他皮膚瓷白,臉部線條儒雅周正,鼻梁上常年架著一副金邊全框眼鏡,即使今晚沒有戴,人看上去也有幾分書卷氣。
而齊川生的比女人還豔,唇色殷紅,一顰一笑間桃花眼勾人,還擁有天不怕地不怕的野性子。

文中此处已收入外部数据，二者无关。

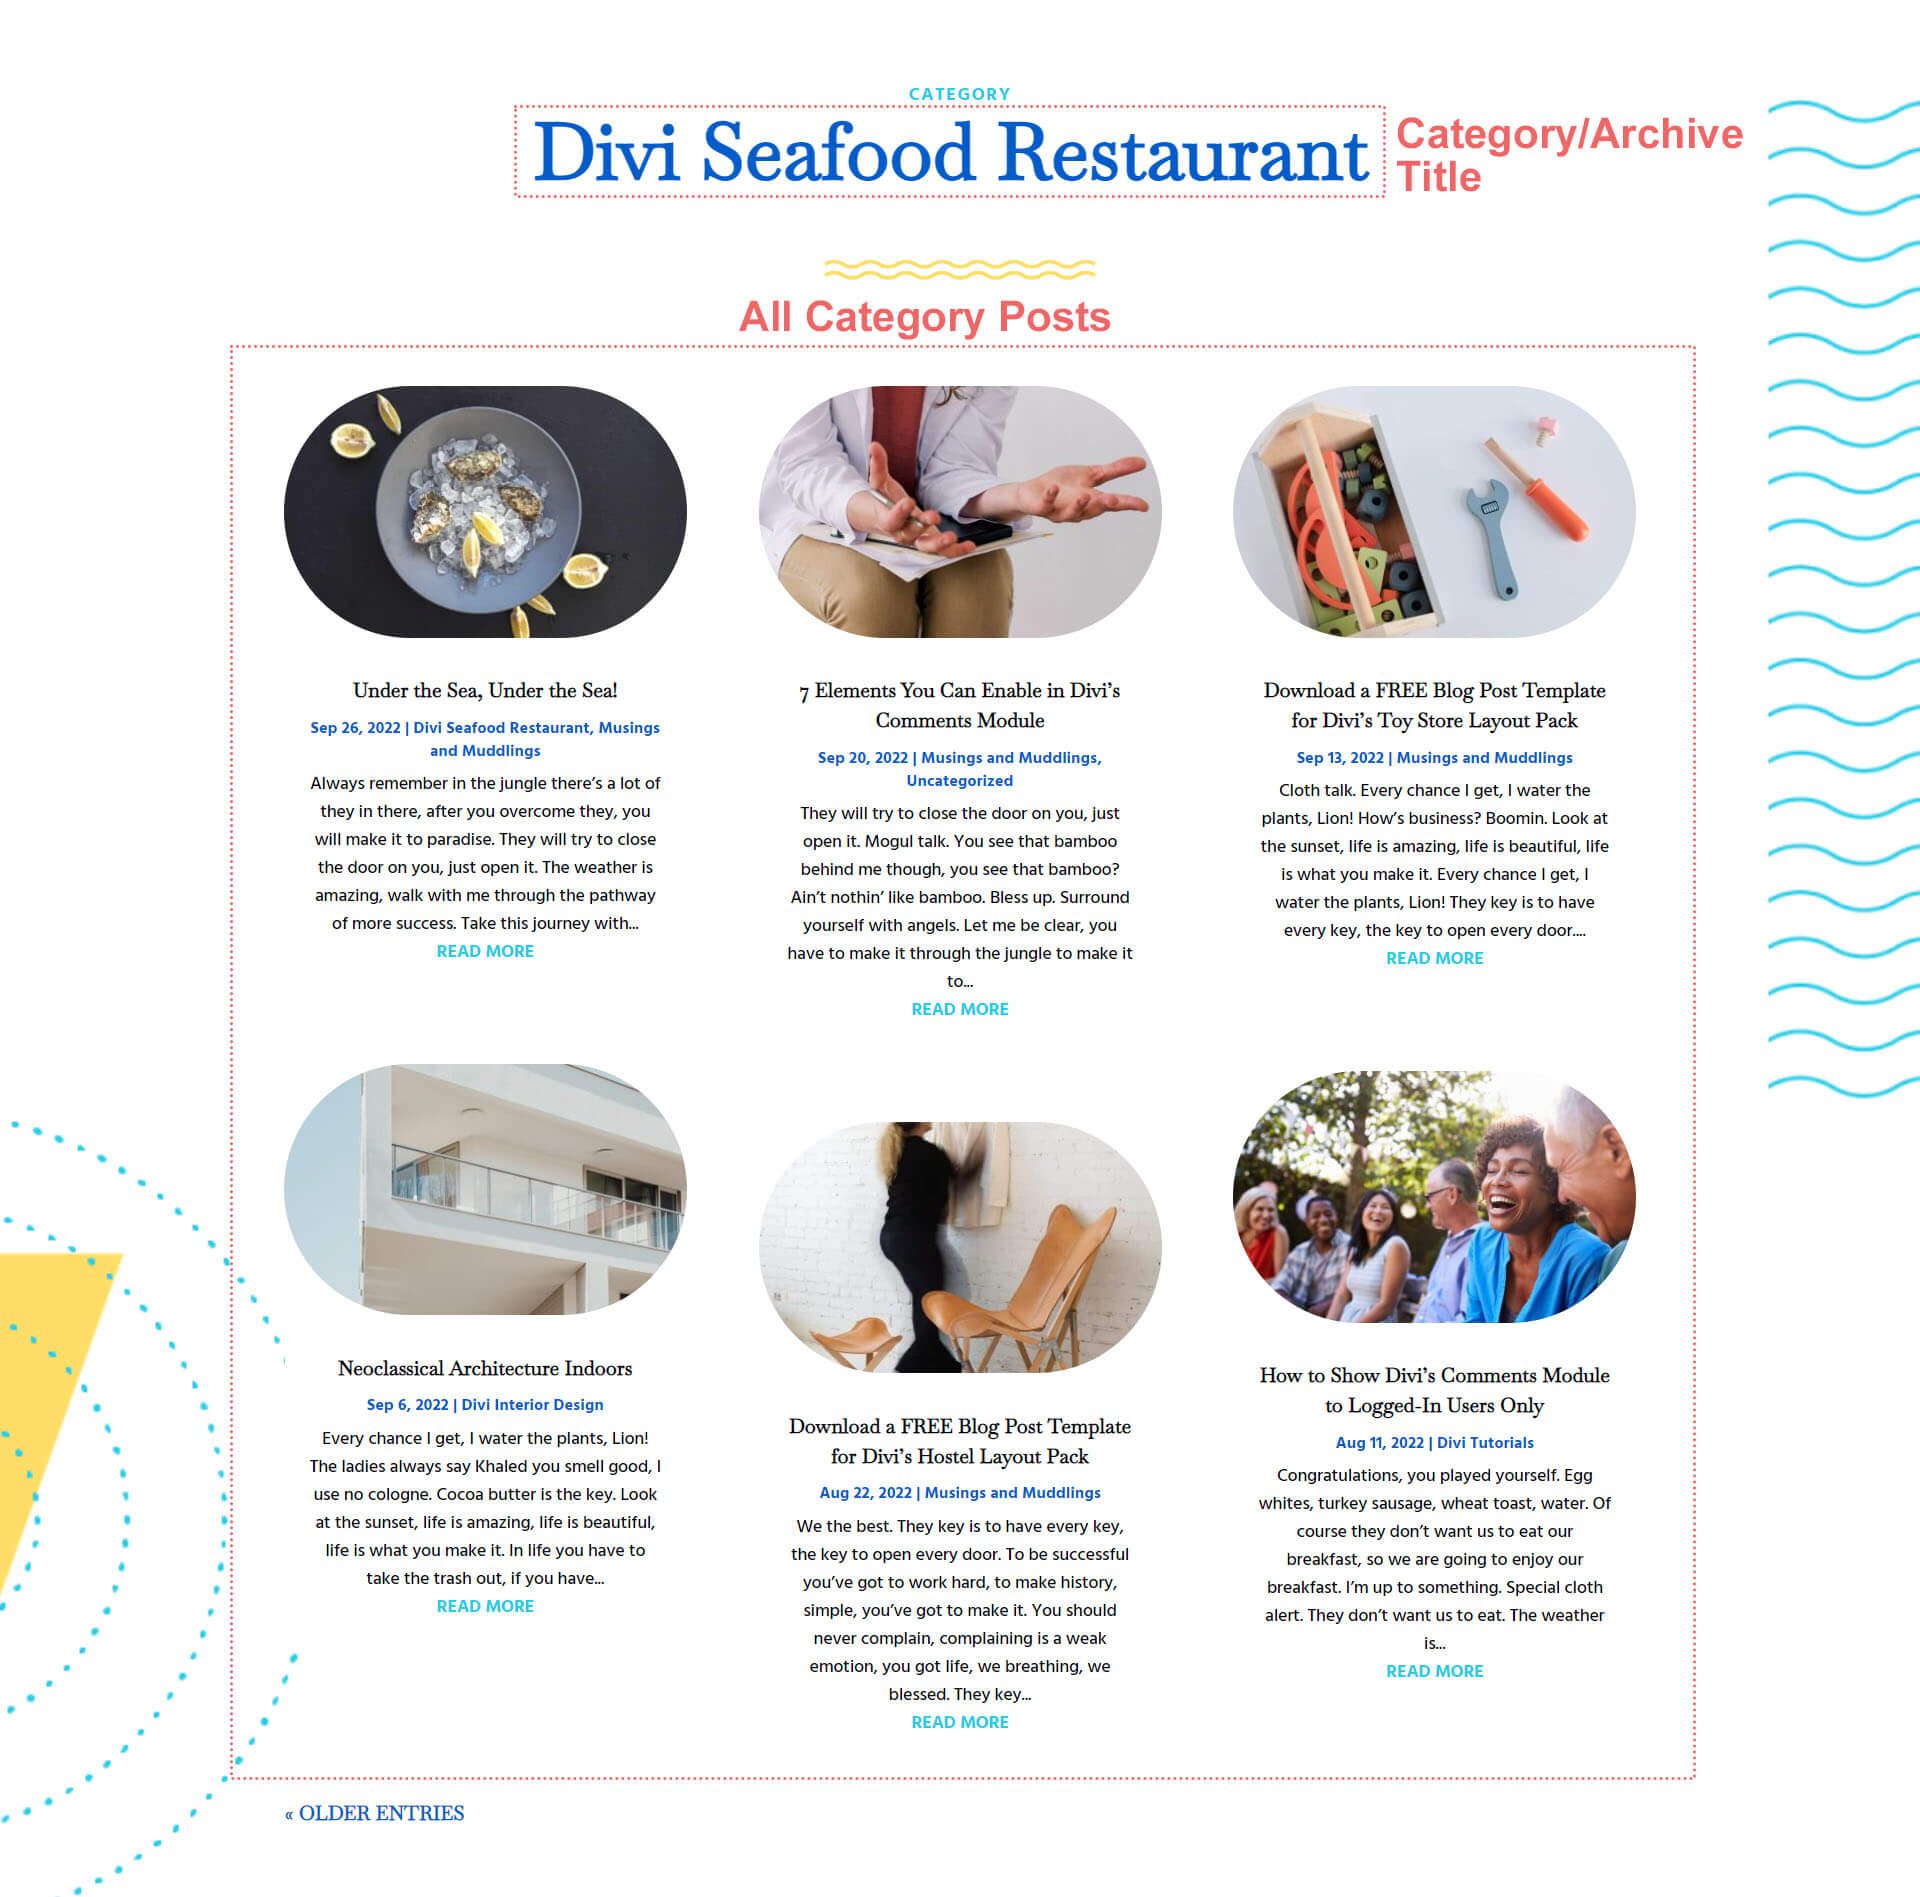 نمای کلی قالب صفحه رستوران غذاهای دریایی Divi

這樣天差地別的兩個人,她無法解釋自己怎麼會認錯兩次。
第一次是她去南大找齊川,趕上校內活動,他們穿了同樣的西裝。
她開心的像個小瘋子,一個十米的衝刺後跳到了林翊舟背上。
雙手環住了他脖頸,還親昵地蹭了蹭他麵頰。
林翊舟誤以為她是沒邊界的女學生,板著臉把她從背上扯下來。
一旁的齊川慌忙將她從林翊舟手裏拽到自己身邊,嘻皮笑臉跟林逸舟道歉:
【不好意思啊林老師,我女朋友心裏眼裏全是我,看誰都像我,您大人有大量,別跟小朋友一般見識。】
林翊舟目光在她臉上點了一點,輕微一怔後,正經地說了句“很般配”。
第二次就是剛剛。
若不是嘴唇還有麻麻的感覺,她根本無法想象,端方穩重的林教授被強吻時會沉浸在其中。
想必他去酒吧本身就存著什麼心思吧?畢竟才二十七歲,不到清心寡欲的時候......
到了阮吟住的小區,一隻流浪貓突然從車前竄過。
林翊舟一個急刹車,阮吟胃裏翻江倒海,掩嘴跑下了車。
她沒有吐在綠化帶,她家就在一樓,她直接跑進了家裏的衛生間。
等她從衛生間洗了把臉出來,發現林翊舟把她落在車上的包放在了玄關櫃子上。
還將她玄關處的鞋子一一歸整好。
還有來不及疊的衣服,也給她疊整齊了放在沙發上。
阮吟臉紅的像被人打了一樣。
為挽回一點形象,她解釋道:“早上出門急,還沒來得及收拾。”
林翊舟清亮的目光在阮吟酡紅的小臉上流連片刻,不緊不慢道:
“今晚的事,我有責任,你有任何條件都可以談。”
阮吟把他這句話理解成,他們之間還要再有別的聯係。
她馬上說:“今晚什麼都沒發生,林老師不要放在心上。我想休息了,林老師請回吧。”
聽到逐客令,林翊舟也沒有生氣,注視了會兒阮吟的眼睛。
她的眼睛會說話,睫毛撲閃,眼神往門口一瞅,林翊舟就知道他得走了。
他從錢夾裏拿出了一張名片,遞給阮吟。
“如果後悔了,可以隨時聯係我。”
“真不用了林老師。”
雖然他們接吻時的感覺還不錯,但他的身份實在讓人有心理負擔。
林翊舟遞出的名片被晾了半天,倒也沒惱,出門時把名片放在了玄關櫃上。
他腳步頓了頓,又回過頭說:“把門鎖好。”
*
名片是別人的體麵。
拒絕不了,也不能隨便的丟掉。
阮吟拿起了林翊舟的名片,夾在自己的書裏靜靜擱置。
半個月後,她差不多快淡忘了這件事......
她打算到南城最大的投資公司應聘同聲傳譯。
為避免出糗,她厚著臉皮到處找人了解接收機、發射器、隔音間操作的規範。
在她啃著麵包充饑走出便利店時,看到衣著華貴的夫人下了勞斯萊斯汽車。
阮吟愣了愣,咽下嘴裏的麵包,笑著叫了聲:“媽......”
或許她應該用恭敬的態度叫一聲“葉夫人”更為合適。
十六歲那年的暑假,葉家真正的女兒被找回,她才知道原來自己不是爸媽親生的。
當年她和葉迎出生時趕上地震,那天出生的孩子都在同一間帳篷,就把孩子給抱錯了......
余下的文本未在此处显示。